Есть утешение, которое — правда: пока. Пока ничего. Малыш учится ходить. Но опять же пока (треклятое слово!) не следует говорить ему это, обнадеживать не надо, чтобы процесс запуска Мифа не сбоил, чтобы все было достоверно для всех участников этого процесса. А потом, когда та самая пора явится и Уилл поймет, что умеет ходить сам, Миф станет единственно возможной для него реальностью, войдет, как говорится, в плоть и кровь.
Поймет ли он, если ему все это объяснить… как?., так, как уже было — на пальцах, объяснить — правду? Сейчас — не поймет. Потому что не поверит.
Кстати, сравнение вполне соответствует его почерку на рукописи «Укрощения»…

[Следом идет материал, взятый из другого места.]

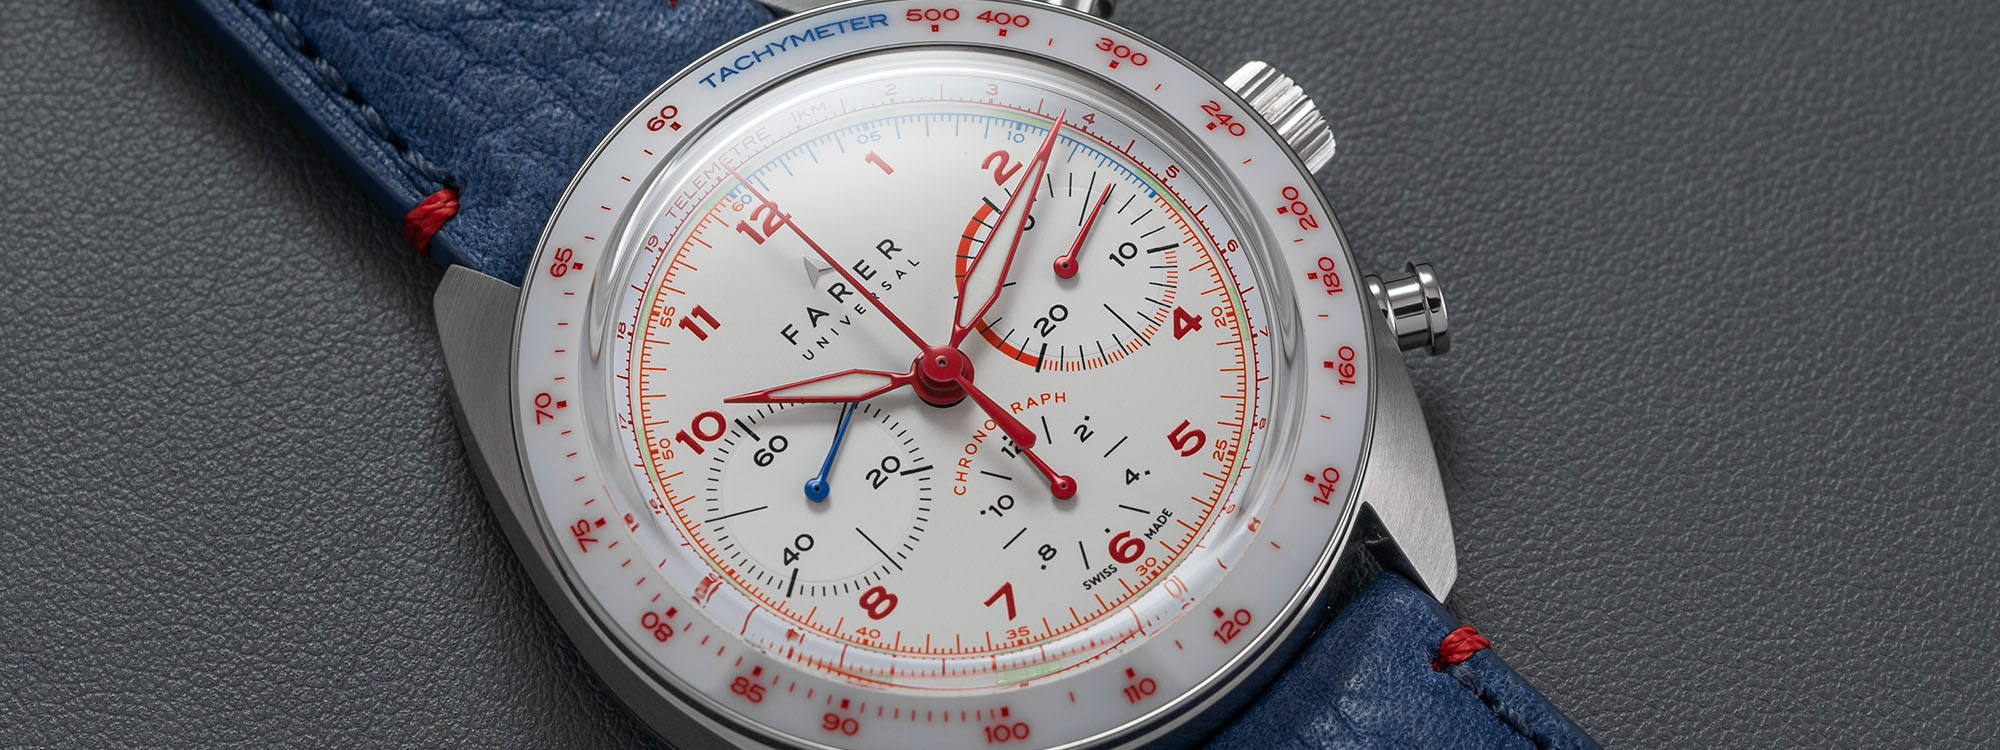 5 Reasons Why You Should Buy A Chronograph Watch - The Watch Company
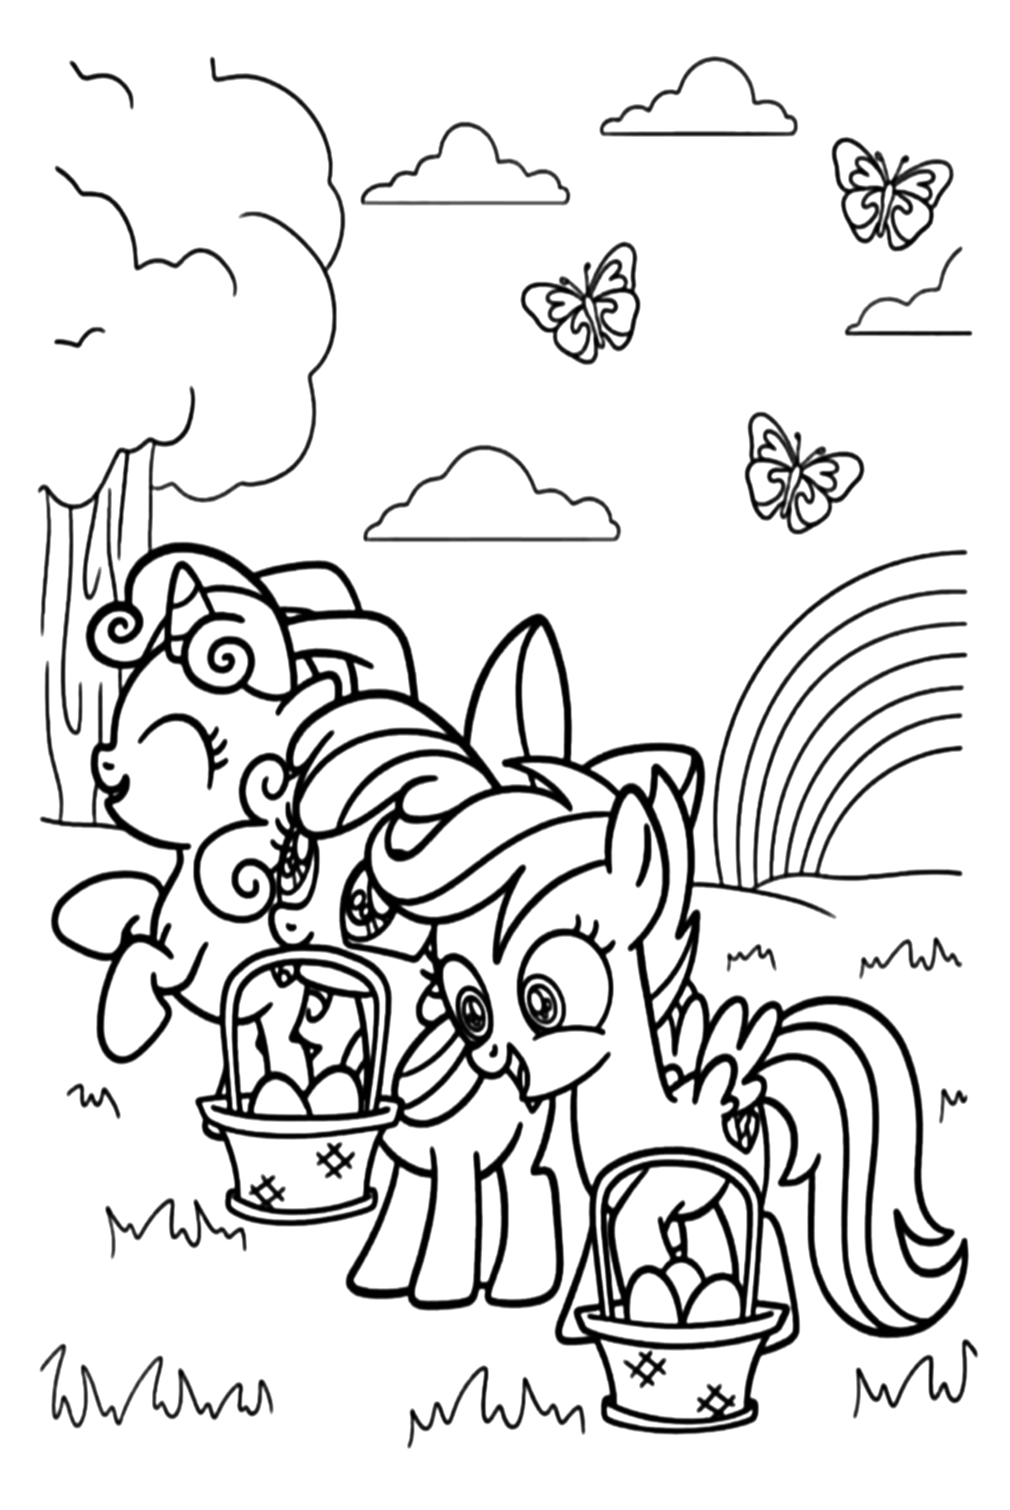 My Little Pony Applejack Coloring Page

Поэтому у Смотрителя есть два варианта.
Первый. Допустить позор. Дать возможность Уиллу самому осознать несложную в общем-то истину: Великий Бард оживает в нем лишь тогда, когда этого хочет маг Монферье. Если сделать это побыстрее, пока дар не прижился в гениальной теперь башке, все сложится убедительно. И тут же — вывод (для Уилла) из первого варианта: смириться с зависимостью и получать удовольствие. То, что удовольствие имеет место, Шекспир не сумел и откровенно не хотел скрыть — во время первого опыта. А когда Уилл осознает дар
Да и не сидеть же Смотрителю рядом с объектом два с лихом десятилетия!..
Второй вариант. Не допускать никакого позора…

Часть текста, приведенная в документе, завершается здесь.